54Sollte die Antragstellerin infolge der Überprüfung der Auswahlentscheidung wegen einer Verletzung ihres Bewerbungsverfahrensanspruchs deren Wiederholung erreichen, würde der Antragsgegner zu berücksichtigen haben, den Bewerbern durch die Verfahrensgestaltung eine hinreichende Chancengleichheit zu gewährleisten. Die Berücksichtigung nachträglicher Veränderungen oder Erkenntnisse, die vorliegend in dem verwaltungsrechtlichen Auswahlverfahren gesetzlich nicht ausgeschlossen ist, muss transparent erfolgen und jedem Mitbewerber eine faire Chance belassen, nach Maßgabe der wesentlichen Kriterien und des vorgesehenen Verfahrens berücksichtigt zu werden.

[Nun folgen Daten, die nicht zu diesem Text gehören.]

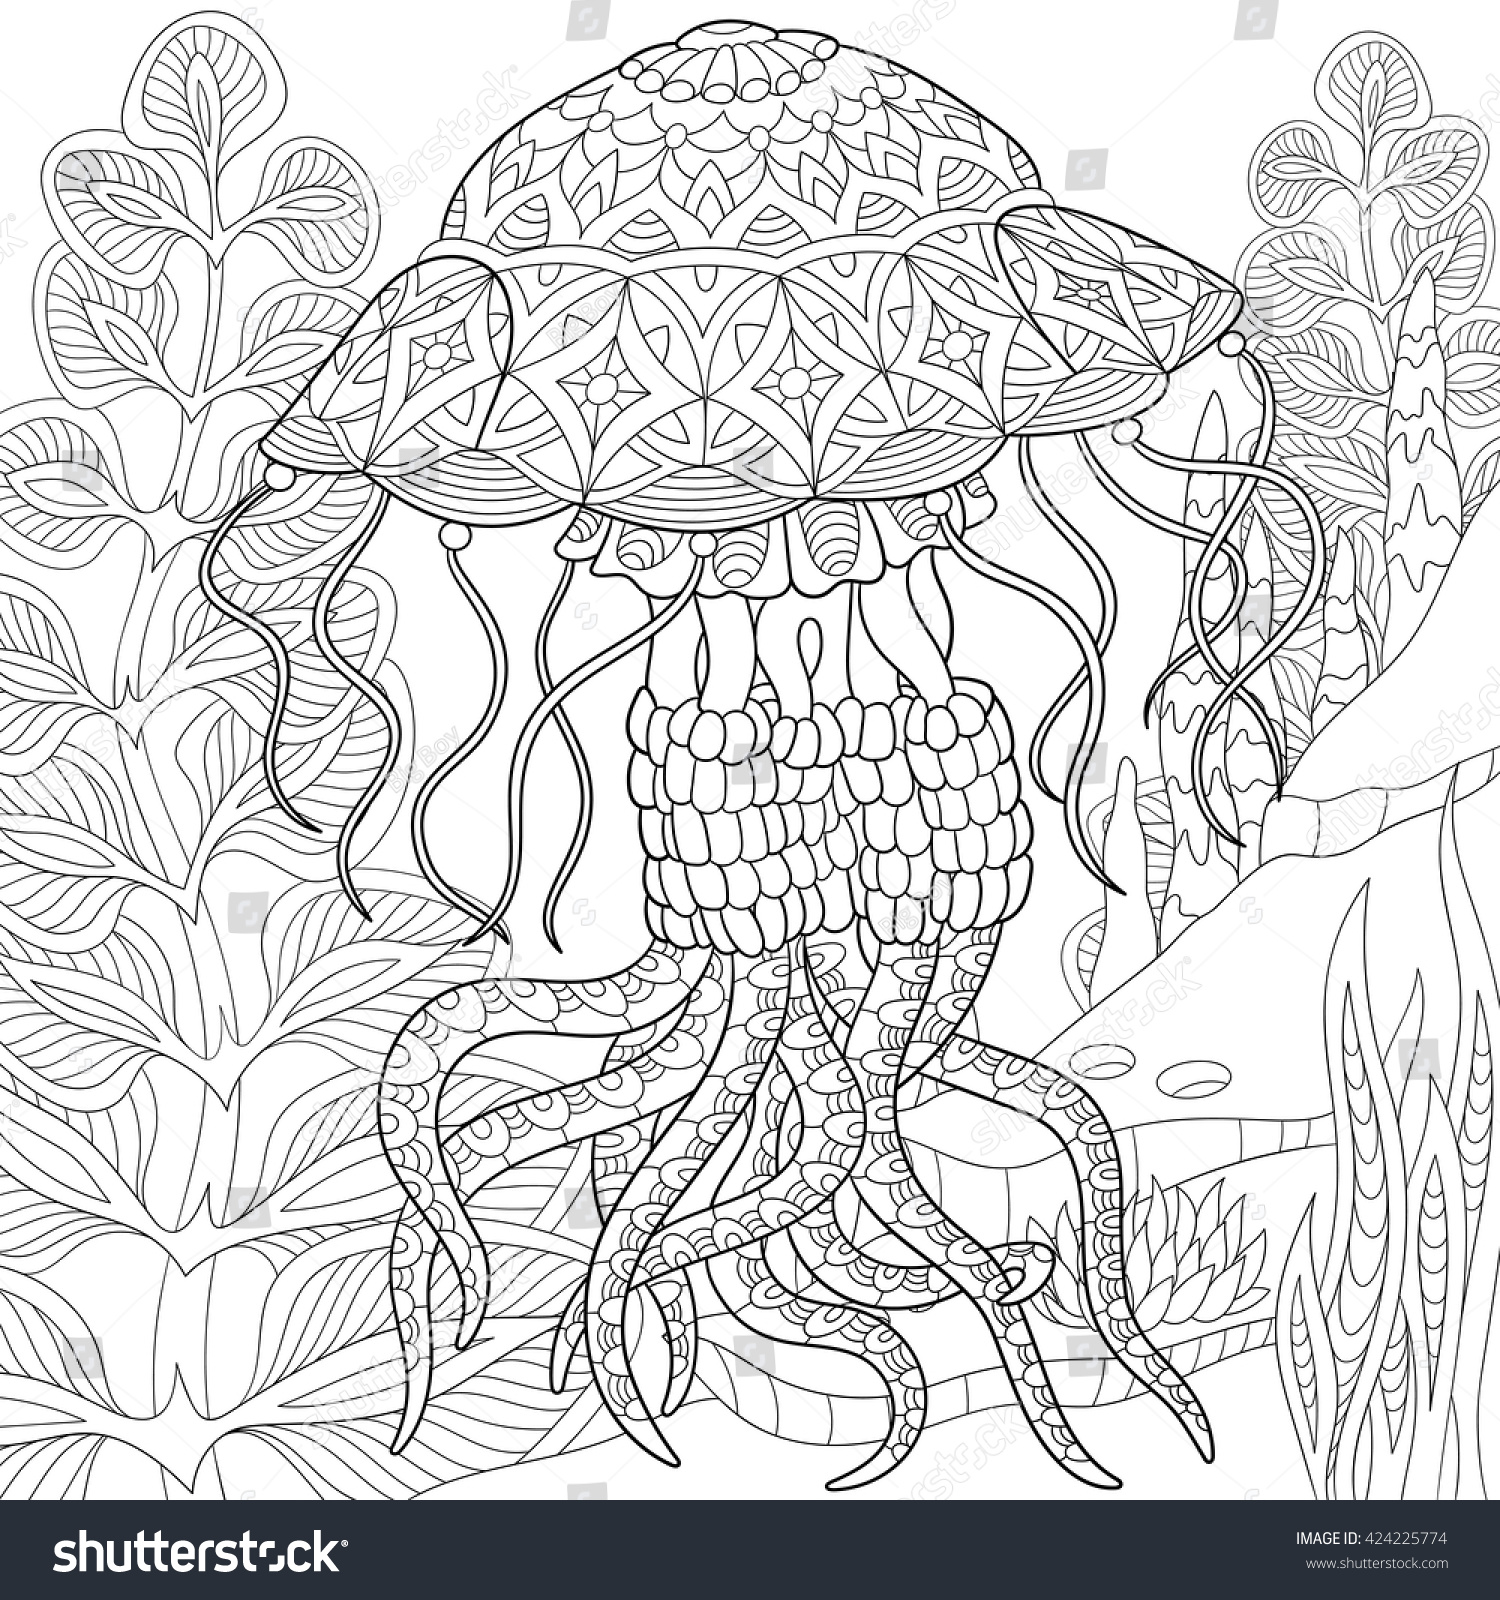 zentangle stylized cartoon jellyfish swimming among stock vector

55Vgl. OVG NRW, Urteil vom 28. September 2020 ‑ 4 A 2324/19 -, GewArch 2021, 117 = juris, Rn. 60 f., m. w. N.
56Insoweit würde sich nichts anderes ergeben, wenn der vorliegende Antrag auf vorbeugenden vorläufigen Rechtsschutz zulässig und in der Sache erfolgreich wäre. Denn der Erlass der beantragten einstweiligen Anordnung würde (lediglich) zu einer Aussetzung des Auswahlverfahrens bis zu einer Entscheidung in der Hauptsache führen. Inwiefern die Antragstellerin damit besser gestellt wäre, also das von ihr abgegebene Angebot – wie sie meint – bei einer späteren Entscheidung in der Hauptsache nicht überholt wäre, erschließt sich nicht.
57Die Kostenentscheidung folgt aus den §§ 154 Abs. 2, 162 Abs. 3 VwGO. Die außergerichtlichen Kosten der Beigeladenen waren nicht aus Billigkeitsgründen für erstattungsfähig zu erklären, weil sie keinen Sachantrag gestellt und sich mithin selbst keinem Kostenrisiko ausgesetzt haben (vgl. § 154 Abs. 3 VwGO).
58Die Streitwertfestsetzung beruht auf den §§ 47 Abs. 1 Satz 1, 52 Abs. 1, 53 Abs. 2 Nr. 1 und 2 GKG.
59Dieser Beschluss ist unanfechtbar (§ 152 Abs. 1 VwGO, §§ 68 Abs. 1 Satz 5, 66 Abs. 3 Satz 3 GKG).